Elias Canetti, Max Dauthendey
Der Schriftsteller und Aphoristiker deutscher Sprache Elias Canetti wurde am 25. Juli 1905 in Rustschuk, heute Bulgarien, damals Teil des osmanischen Reiches, als Sohn eines Kaufmanns geboren. 1911 siedelte die Familie nach Manchester, ein Jahr später, nach dem Tod des Vaters, nach Wien. 1916 verließ die Familie Wien und ließ sich in Frankfurt am Main nieder. Nach seinem Abitur kehrtet Canetti zurück nach Österreich, wo er Chemie an der Universität Wien studierte. Schon während seines Studiums wurde Canetti als Übersetzer für den Malik-Verlag in Berlin tätig. 1929 promovierte Canetti zum Doktor der Naturwissenschaften. 1937 veröffentlichte er seinen ersten Roman, Die Blendung, der schon sehr bald in zahlreichen europäischen Ländern veröffentlicht wurde. Nach dem Einmarsch der Nationalsozialisten in Österreich 1938 floh er mit seiner Frau Veza Canetti nach London.

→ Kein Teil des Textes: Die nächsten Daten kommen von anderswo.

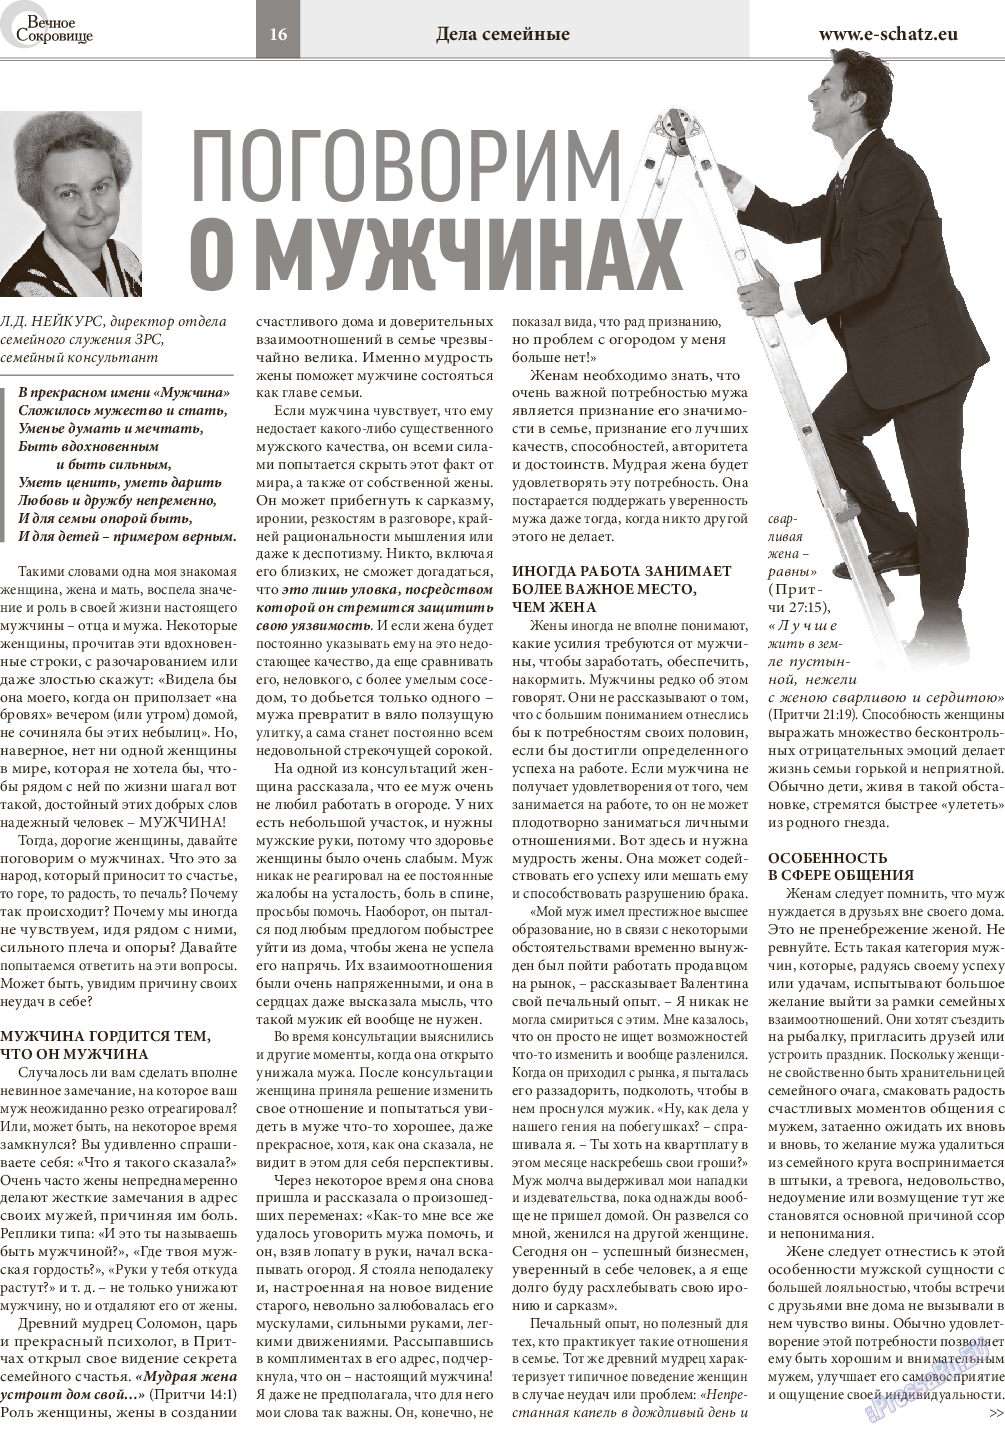 Вечное сокровище (газета). 2016 год, номер 2, стр. 16

Obwohl Canetti selbst Jude war, blieb er auch nach dem Zweiten Weltkrieg seiner "zweiten Muttersprache" treu und schrieb ausschließlich in deutscher Sprache. Canettis Werke wurden in über 25 Sprachen übersetzt. In seiner Dankesrede für den Nobelpreis betont er mit Nachdruck die schriftstellerische Leistung seiner Kollegen Karl Kraus, Franz Kafka, Robert Musil und Hermann Broch.
Aus: Party im Blitz
„Als der Blitzkrieg über London begann, einige Monate nach Dünkirchen, im gefährlichsten Zeitpunkt der englischen Geschichte, erlebte ich in seinem Hause eine Party, die mir vor Augen bliebe, auch wenn ich fünfhundert Jahre danach noch am Leben wäre. Sein Haus war höher als die meisten in Downshire Hill. Es hatte drei Stockwerke, die meisten andern nur zwei. Es war aber schmal wie die andern alle. In jedem Stock waren höchstens ein oder zwei Zimmer. Sie waren von Menschen erfüllt, die tranken und tanzten. Sie standen mit den Gläsern in der Hand da, wie es hier Sitte war, aber mit ausdrucksvollen Gesichtern, was hier gegen die Sitte ging. Es waren manche junge Offiziere in Uniform darunter, lebhaft, ja beinah lebenslustig, von lauten Sätzen überquellend, die man gehört hätte, wenn sie in der Musik nicht untergegangen wären. Die Tanzenden, besonders die Frauen, hatten etwas Aufgerissenes und genossen ihre Bewegungen wie die des Partners. Die Atmosphäre war dicht und heiß, und niemand kümmerte sich darum, daß man Bomben-Einschläge hörte, eine furchtlose und dabei sehr lebendige Gesellschaft. Ich hatte im obersten Stock begonnen, ich traute kaum meinen Augen und ich ging in den zweiten hinunter und traute ihnen noch weniger. Jeder Raum schien feuriger als der, in dem man sich vorher umgetan hatte. In den tieferen Räumen sonderte man sich etwas mehr ab, Pärchen saßen und hielten einander umarmt, die Musik durchdrang uns heiß von oben bis unten, man gab sich mit Umarmungen und Küssen zufrieden, nichts wirkte lasziv, im Basement, wie man hier das Untergeschoß nannte, geschah das Erstaunlichste. Die Türe nach außen wurde aufgerissen, Männer in Feuerwehrhelmen griffen nach Kübeln mit Sand, die sie im Schweiß ihres Angesichts in größter Geschwindigkeit hinaustrugen. Sie achteten auf nichts, das sie im Raum vor sich sahen, in ihrer Eile, die brennenden Häuser in der Nachbarschaft zu schützen, griffen sie wie blind nach den sandgefüllten Kübeln.”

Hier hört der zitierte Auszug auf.